Canon PowerShot S200 – test

PowerShot S200 to kolejny model z bardzo udanej, kieszonkowej serii małych Canonów. Niewielkie rozmiary aparatu kryją 10 – megapikselową matrycę CCD o rozmiarze 1/1,7 cala oraz jasny obiektyw o zakresie ogniskowych 24 – 120 mm. Czy nowy model będzie trzymał poziom tak chwalonej przez nas linii kieszonkowych aparatów Canon? Zapraszamy do lektury naszego testu.

Autor: Piotr Wroniewicz

4 Lipiec 2014
Artykuł na: 29-37 minut

3. Budowa i ergonomia

Pierwsze wrażenie

Na pierwszy rzut oka widać, że kieszonkowy rozmiar nie jest w tym wypadku nadinterpretacją. Aparat jest mały i poręczny. Gdy weźmiemy go do ręki pozytywne wrażenie potęguje solidność całej konstrukcji. Aparat nie jest tak lekki na jaki wygląda i to dobrze, waga 181 gramów sprawia, że czuć go w dłoni. Elementy, z których jest zbudowany oraz spasowanie stoją na bardzo wysokim poziomie. Wszystkie pokrętła i przyciski pracują z przyjemnym oporem. Kształt S200 sprawia, że bez najmniejszych problemów wsuniemy go do kieszeni. Jedynym elementem wychodzącym poza obrys obudowy jest płaski pierścień okalający obiektyw. Standardowo w pudełku zamiast paska znajdziemy opaskę na nadgarstek, co przy tych rozmiarach jest idealnym rozwiązaniem.

{GAL|25466}

Charakterystycznym elementem w budowie małego Canona jest brak na przedniej ściance korpusu jakiegokolwiek gripa czy nawet delikatnie zaznaczonego uchwytu na palce. Z pewnością było to podyktowane minimalistycznym designem aparatu. Jedyne oparcie które powinno zagwarantować pewny chwyt aparatu, to gumowana wypustka na tylnej ściance. Osoby z większymi dłońm mogą mieć problem z pewnym chwyceniem kieszonkowego Canona. Sytuacja komplikuje się również gdy dłonie staną się lekko wilgotne, matowiona obudowa nie daje wtedy wystaczająco pewnego chwytu.

Funkcje przycisków

Zacznijmy od przedniej ścianki korpusu. Największym i jednym z najważniejszych elementów sterujących jest pierścień wokół obiektywu. Jest on również cechą charakterystyczną aparatów serii S. W trybie Auto pierścień służy do zmiany ogniskowych, jest to też jego nominalna funkcja dla programu P. W pozostałych trybach pierścień może służyć między innymi do zmiany przysłony, czasu, czułości, wprowadzania korekty ekspozycji, ręcznego ostrzenia czy zmiany proporcji obrazu. Pierścień porusza się z przyjemnym, precyzyjnym oporem, któremu towarzyszy dość głośne klikanie.

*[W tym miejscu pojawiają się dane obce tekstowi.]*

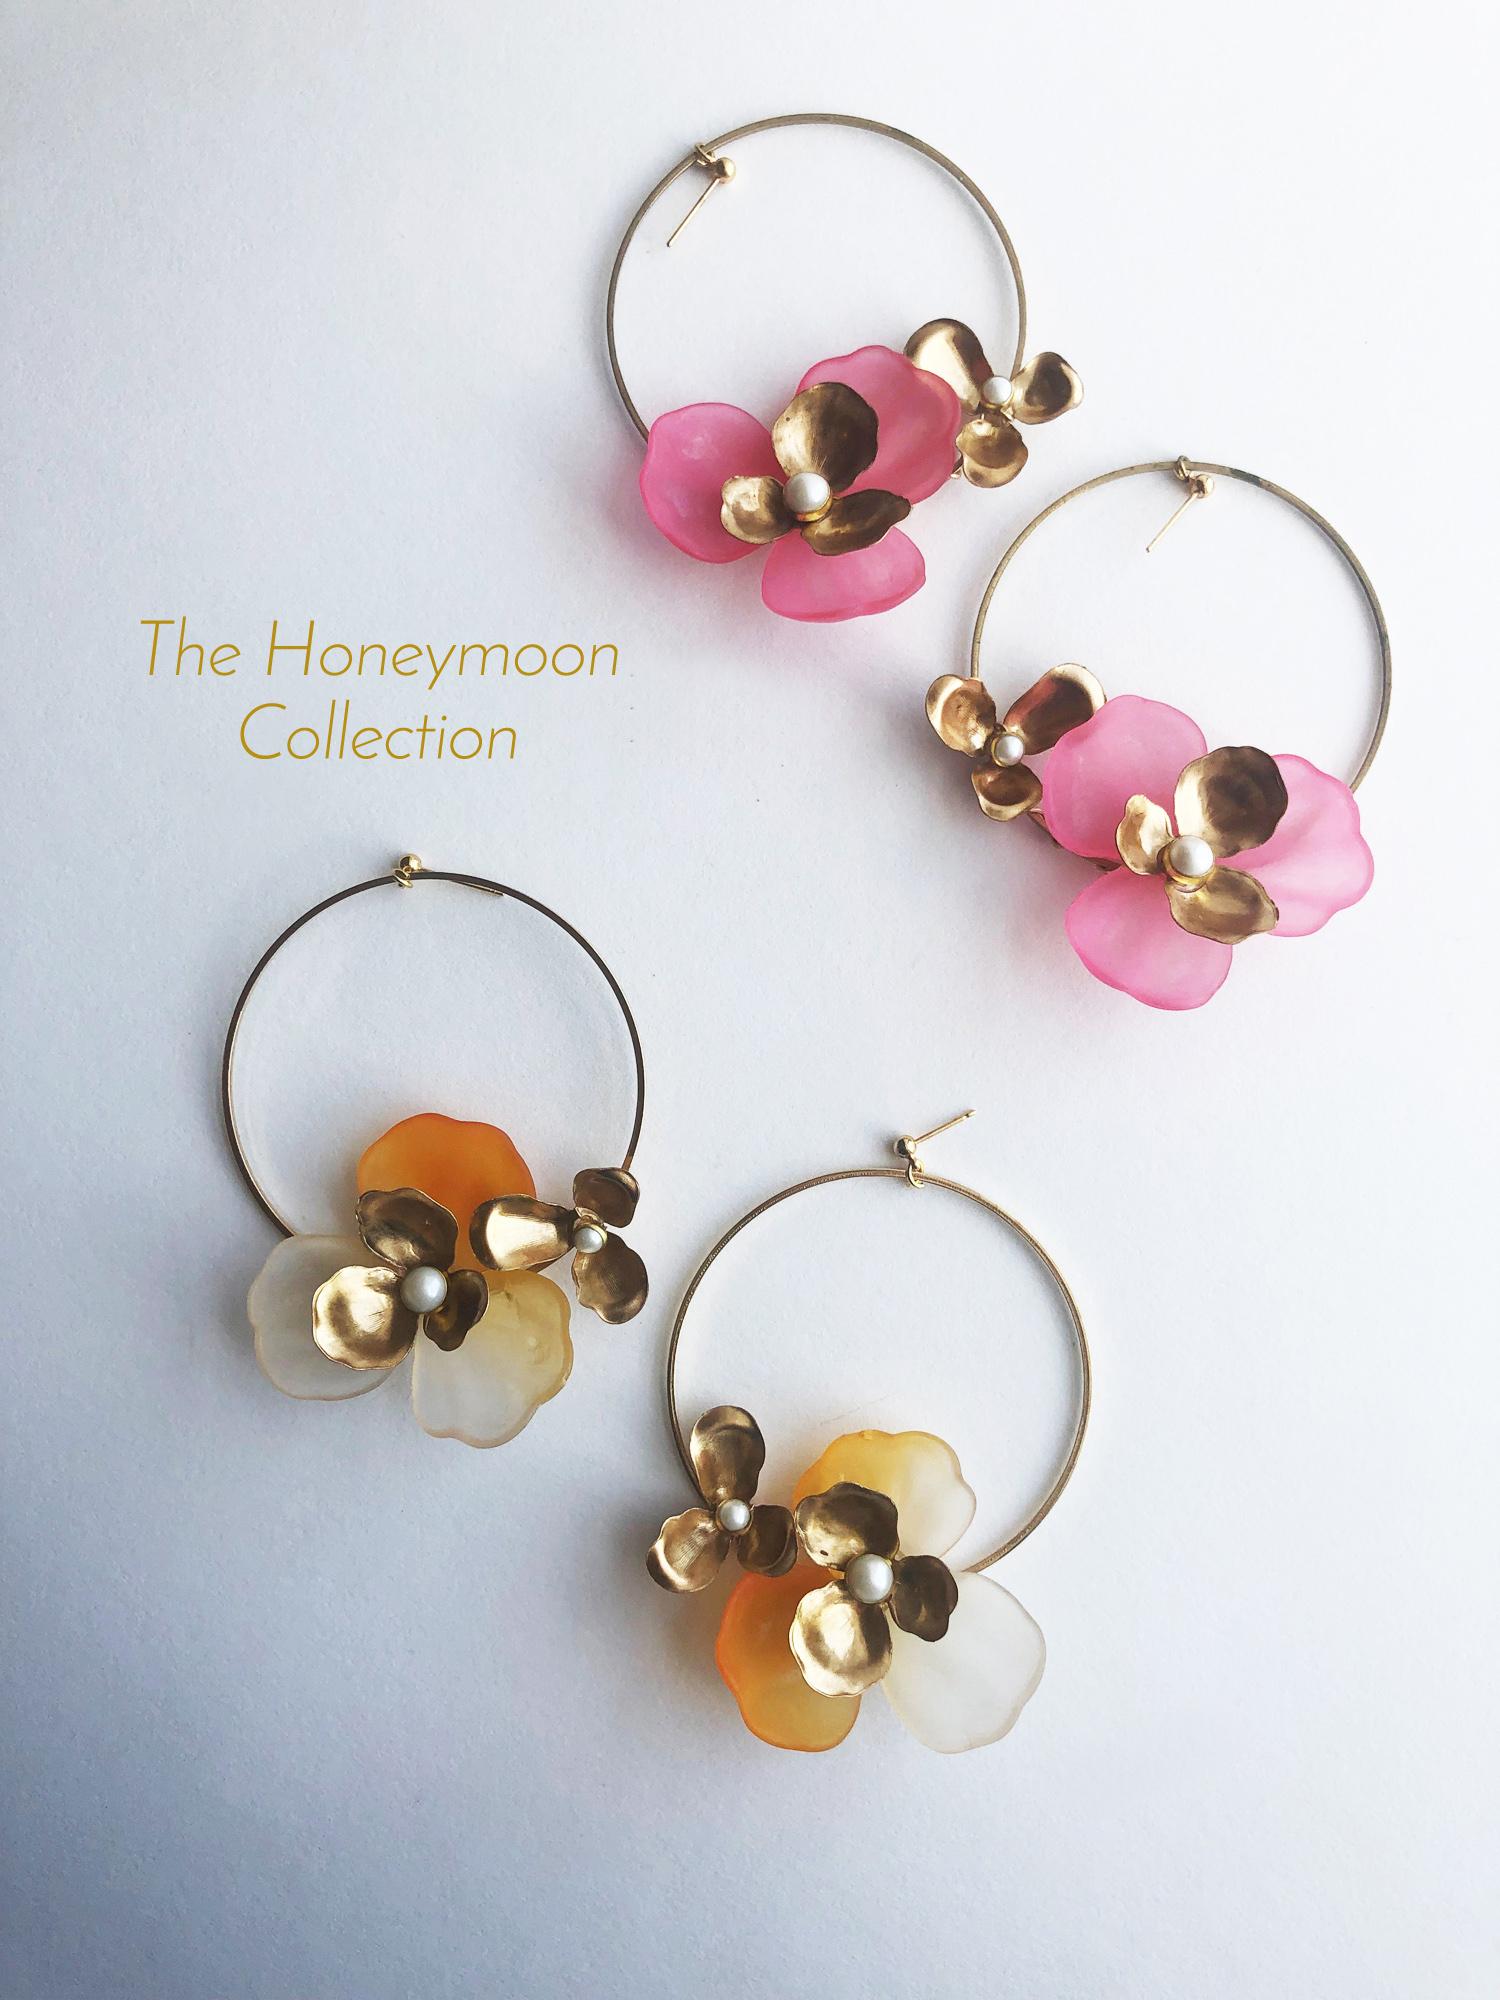 honeymoon collection

Na lewej, bocznej ściance aparatu znalazł się jedynie przycisk zwalniający lampę błyskową, na prawej natomiast pod zaślepką znajdują się: gniazdo AV/OUT oraz HDMI. Górna ścianka mieści przycisk ON/OFF, a obok niego znalazł się spust migawki i okalające go pokrętło zoom’a, jak również tarcza trybów. Na niej odnajdziemy program Auto, LIVE dający możliwość szybkiej obróbki fotografii w czasie wykonywania zdjęcia, zestaw P, Av, Tv i M, SCN oznaczający paletę trybów artystycznych, a także Efekty.

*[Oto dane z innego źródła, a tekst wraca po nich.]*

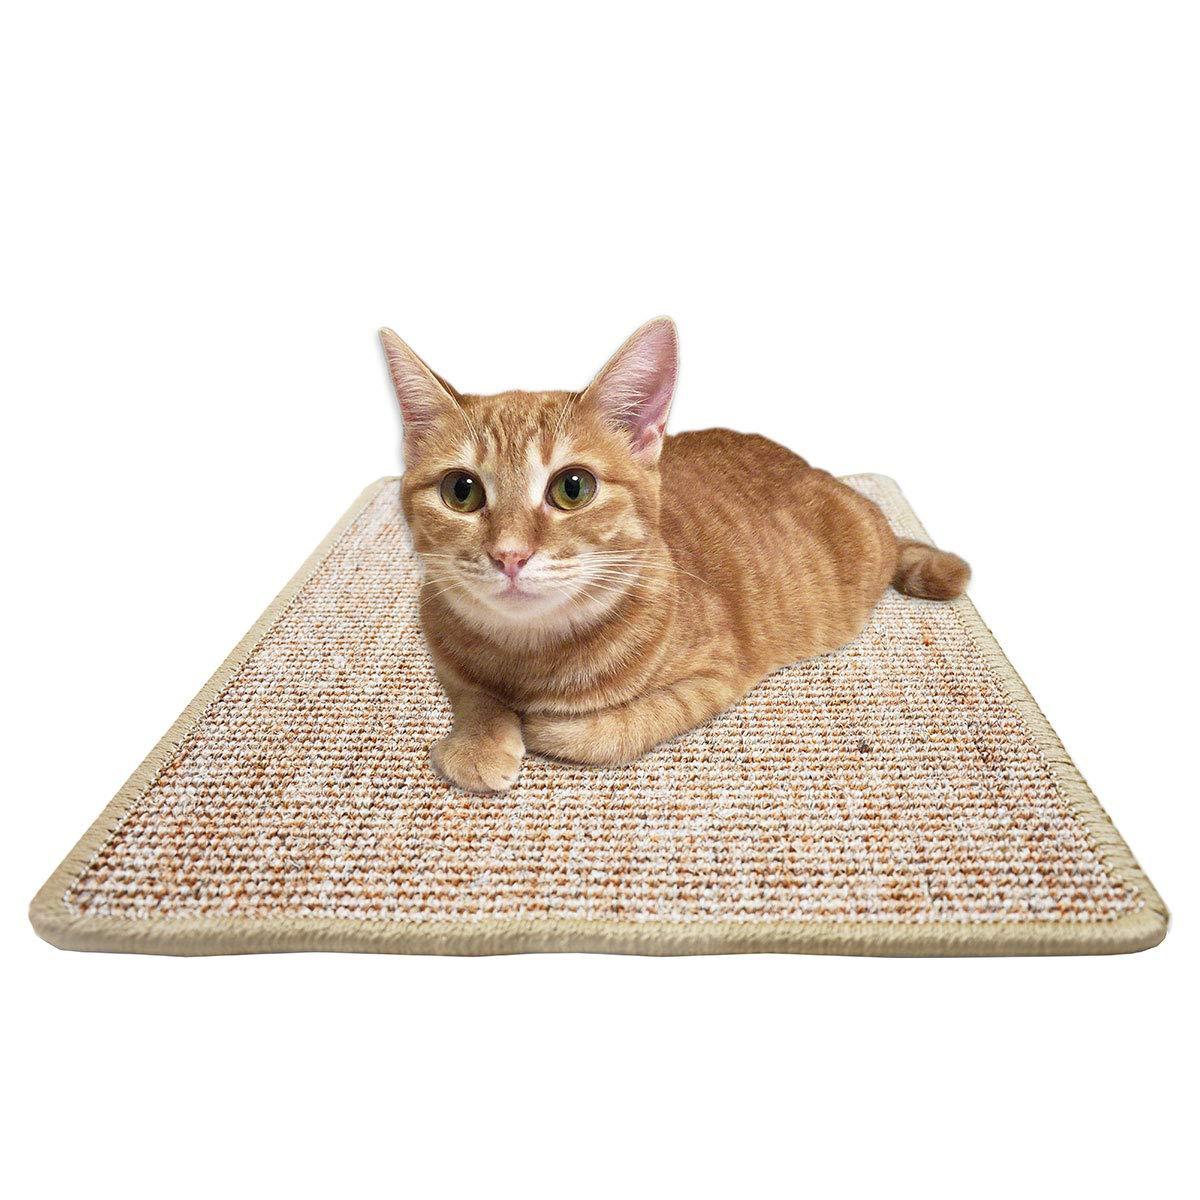 FUKUMARU Cat Scratcher Mat,Natural Sisal Rope Cat Scratching Carpet Pad,Floor Scratching Rug by FUKUMARU (Image #1)

Przyciski tylnej ścianki są rozmieszczone identycznie jak w modelu S120, czyli w sposób przejżysty i wygodny. Odnajdziemy tu przycisk wyboru ramki AF, którego w trybie podglądu używamy do usuwania plików, przycisk nagrywania filmów oznaczony czerwoną kropką, na dole przyciski podglądu obrazów oraz Menu. Pomiędzy nimi znalazł swoje miejsce wybierak wielofunkcyjny z przyciskiem Func.Set w środku, którym uruchamiamy menu podręczne i akceptujemy wybory.

Matryca

Matryca o rozmiarze 1/1,7 cala jest nowością w kompaktowej linii Canona oznaczonej S. Producent zdecydował się na zastąpienie matrycy CMOS sensorem CCD i zmniejszeniem liczby pikseli względem bliźniaczych modeli. W aparacie S200 możemy rejestrować zdjęcia z rozdzielczością 10,1 megapikseli w formacie JPEG. Brak RAW-ów w aparacie kierowanym do nieco bardziej zaawansowanych amatorów fotografii jest niezrozumiały. Matryca współpracuje z procesorem obrazu Digic 5 i odznacza się dużym zakresem czułości ISO 80 do ISO 6 400.

Monitor

Ekran LCD w Canonie PowerShot S200 ma wielkość 3 cali i standardową już rozdzielczość 461 000 punktów. Poprawnie odwzorowuje on kolory i ma wystarczającą szczegółowość. Jednakże producent mógł pokusić się o zamontowanie ekranu LCD z modelu S120, który ma dwa razy wyższą rozdzielczość. zdjęcia na nim Przegląda się po prostu lepiej.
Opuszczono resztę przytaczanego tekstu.